Ms. Troberman agreed that a big multinational like Microsoft's requires a big agency that can handle a range of functions, even with little notice. In a marketing world with increasingly more agencies to handle digital, social media and mobile, one agency needs to manage all those moving parts.
"The single most important piece for success for agencies we work with is actually orchestration," she said. "Account management is the most important function in our agencies, not creative."
For Microsoft, with numerous types of talent at the table, it's up to the account teams to be able to orchestrate artfully. "That is really the new life-skill of agencies," she said.

Later in the day, Brian Wallace, VP-media, digital marketing and social media for BlackBerry manufacturer Research in Motion, unleashed his frustration with the silos in marketing and at agencies in particular. "We've organized ourselves against the screens," he said. "They are just screens. The connecting point is digital. It's going to connect screens -- I'm not sure agencies understand this."

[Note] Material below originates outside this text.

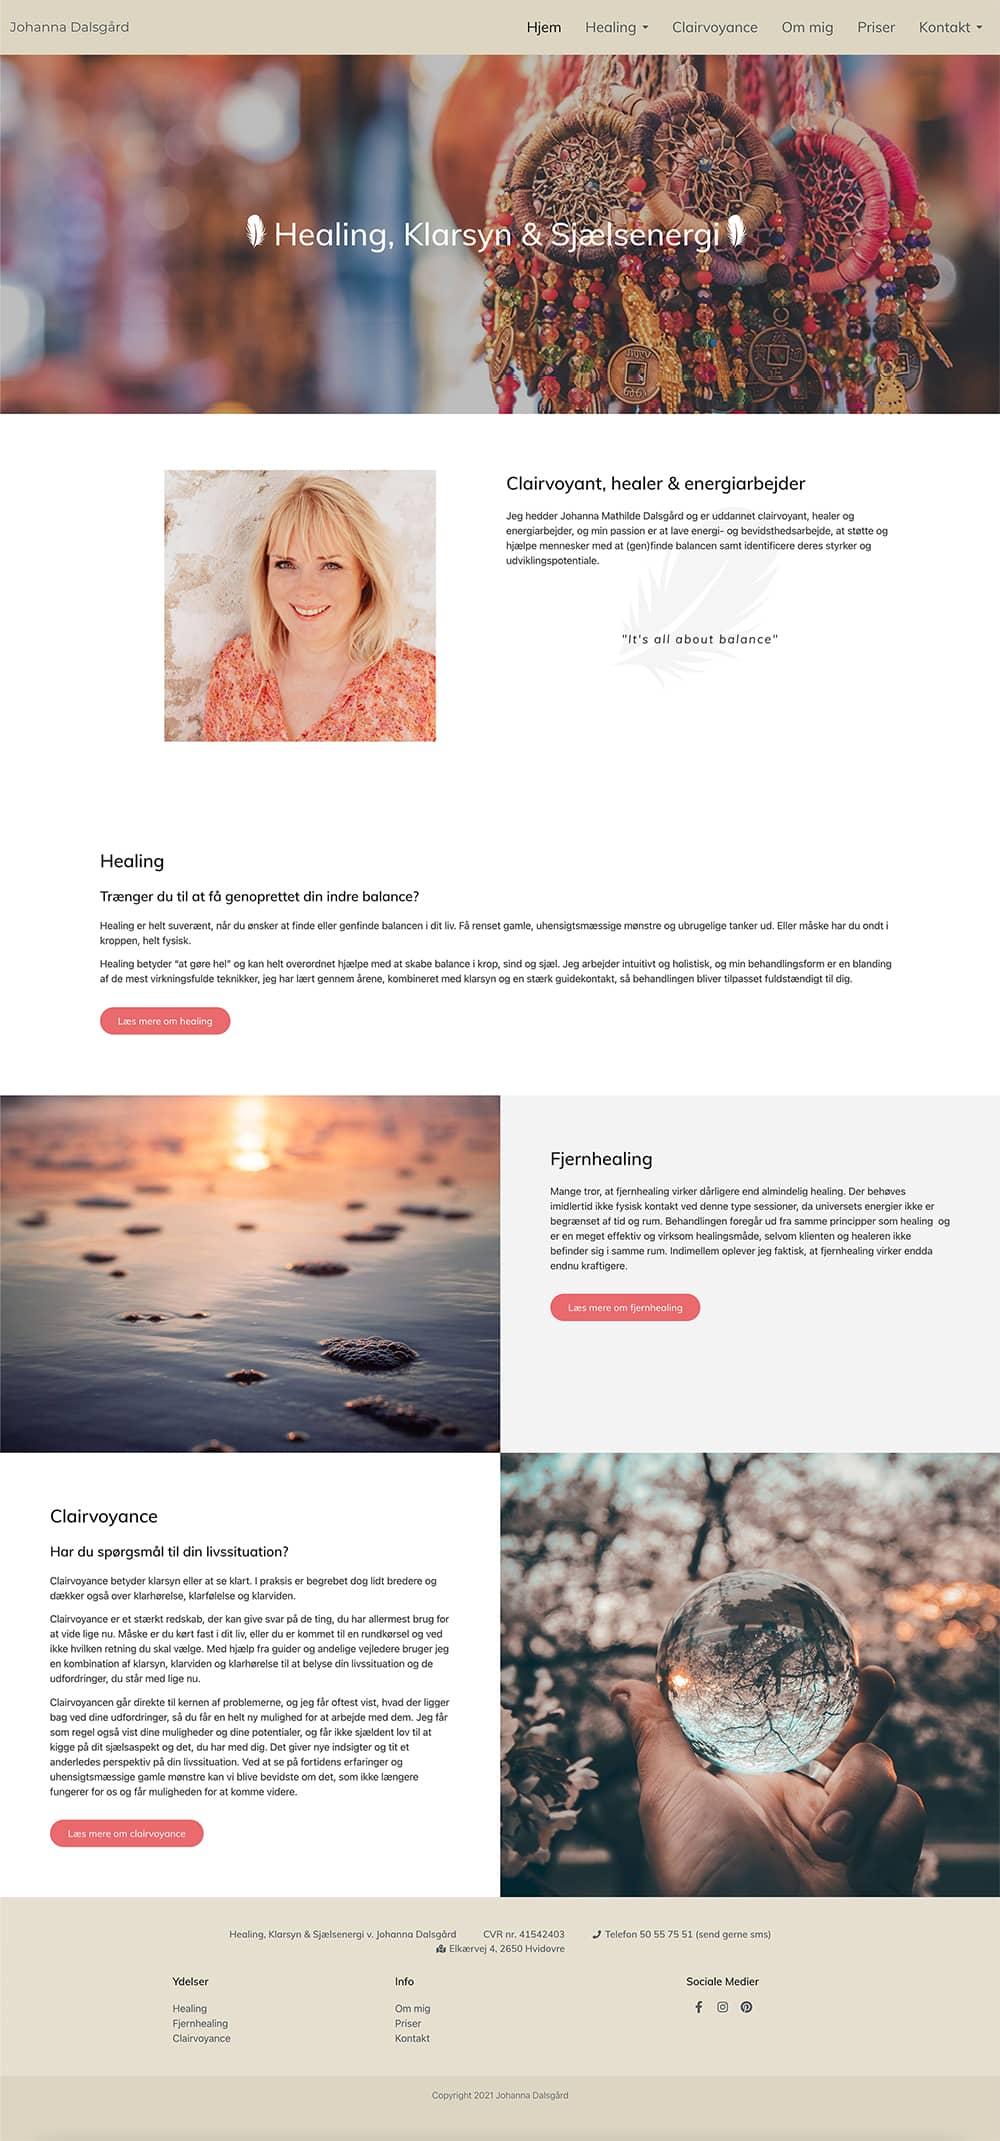 Johannadalsgard Website3 Compressed 1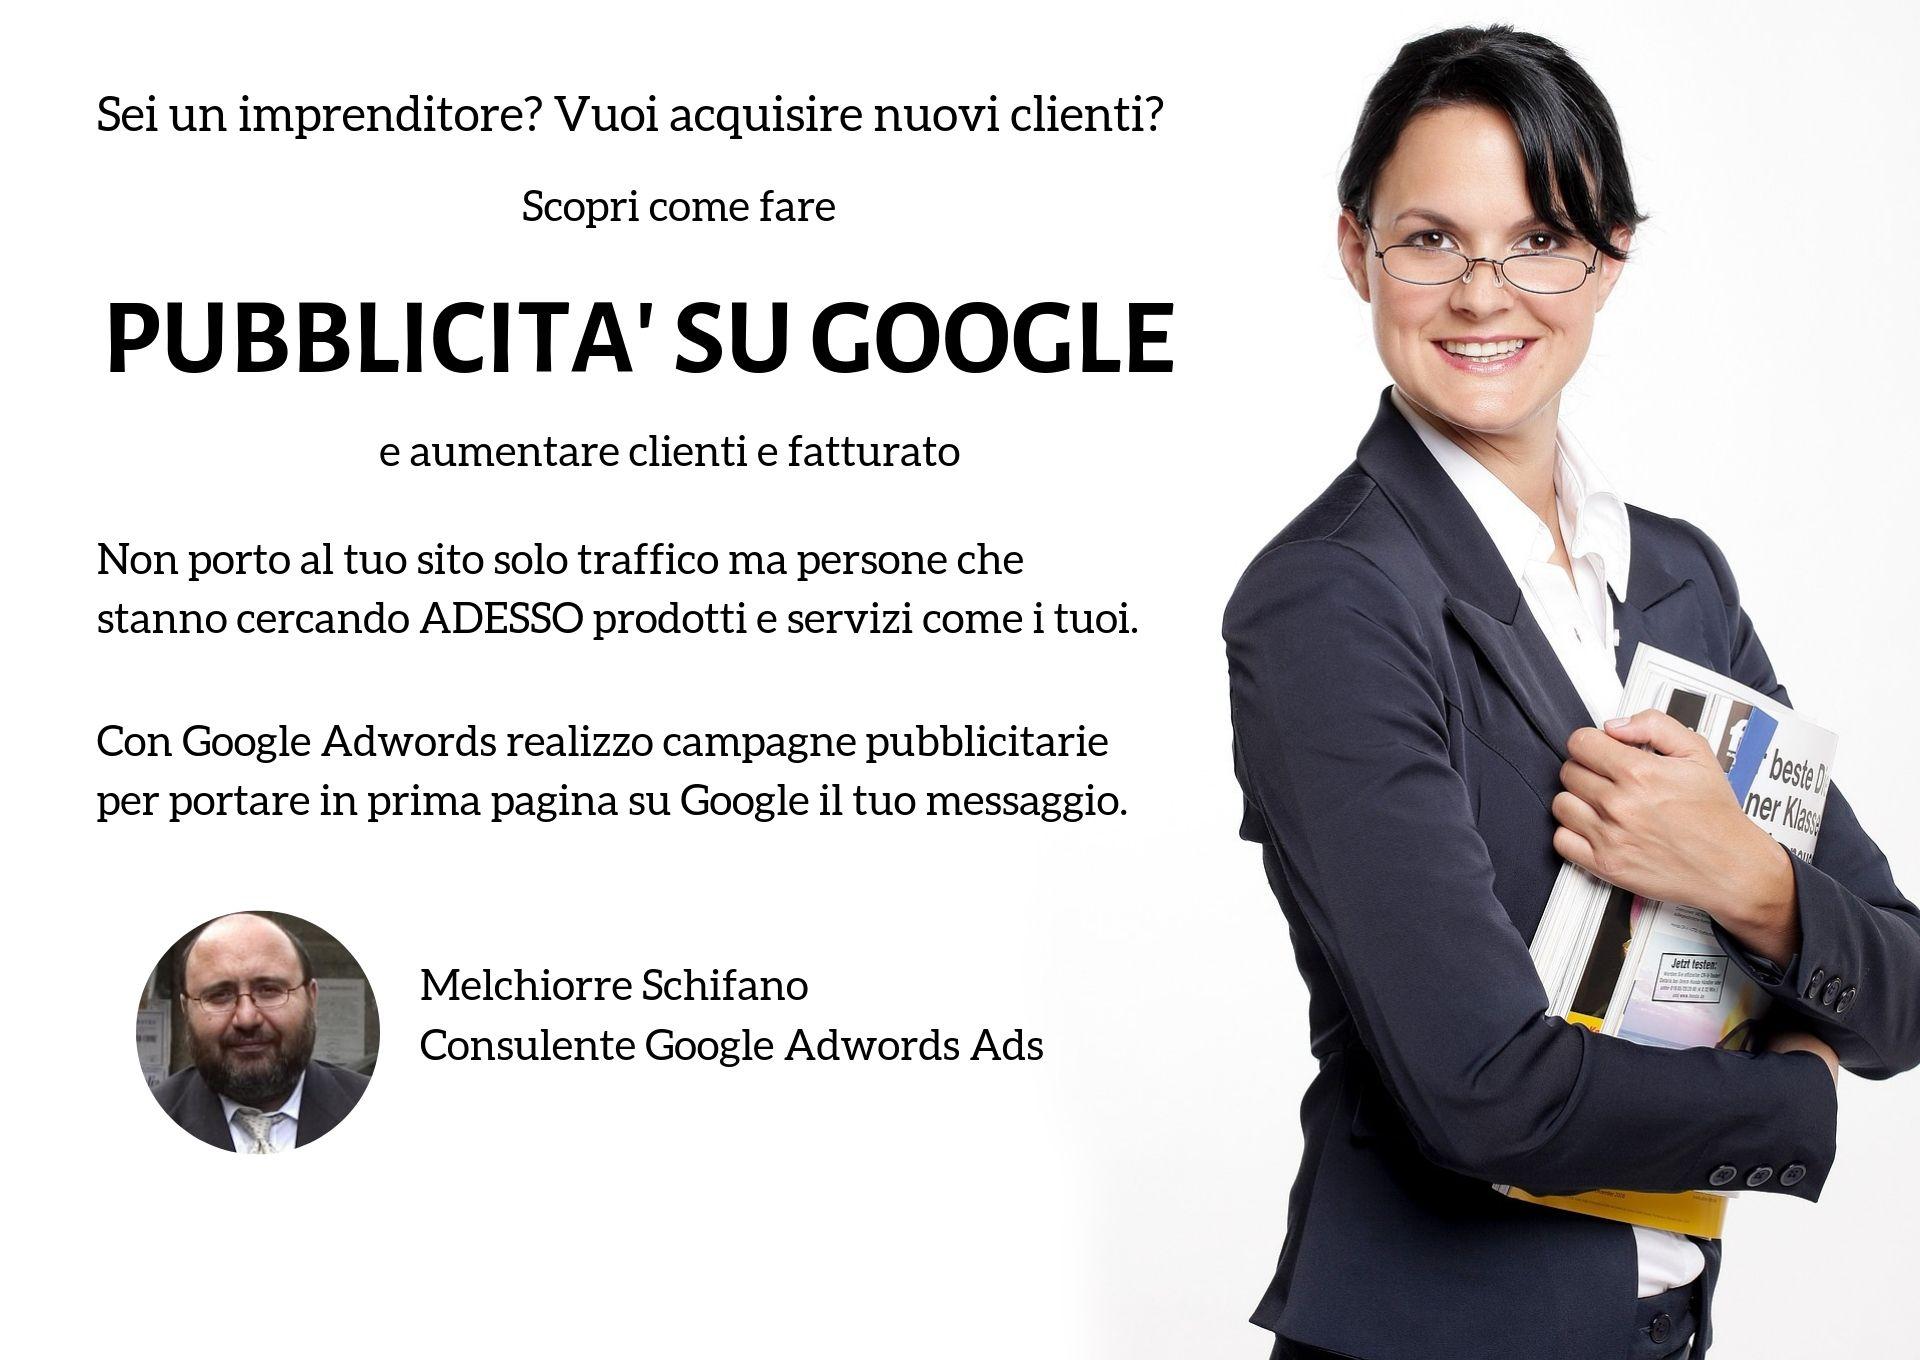 pubblicita su google

"Silos threatened to increase," Mr. Wallace said. "Like lawyers, [agencies] create their own language. They do it on purpose to create a level of specialization in that category and then you have to pay people more for service. Social media does this and, again it creates and reinforces the silos."
To get integrated marketing ideas, Mr. Wallace said Research in Motion sends one brief to all its agencies at the same time and then they're tasked with working together. He added that agency compensation also relies on how well individual shops collaborate. "Though there's always an agency -- creative usually -- that wants to be the lead," he said.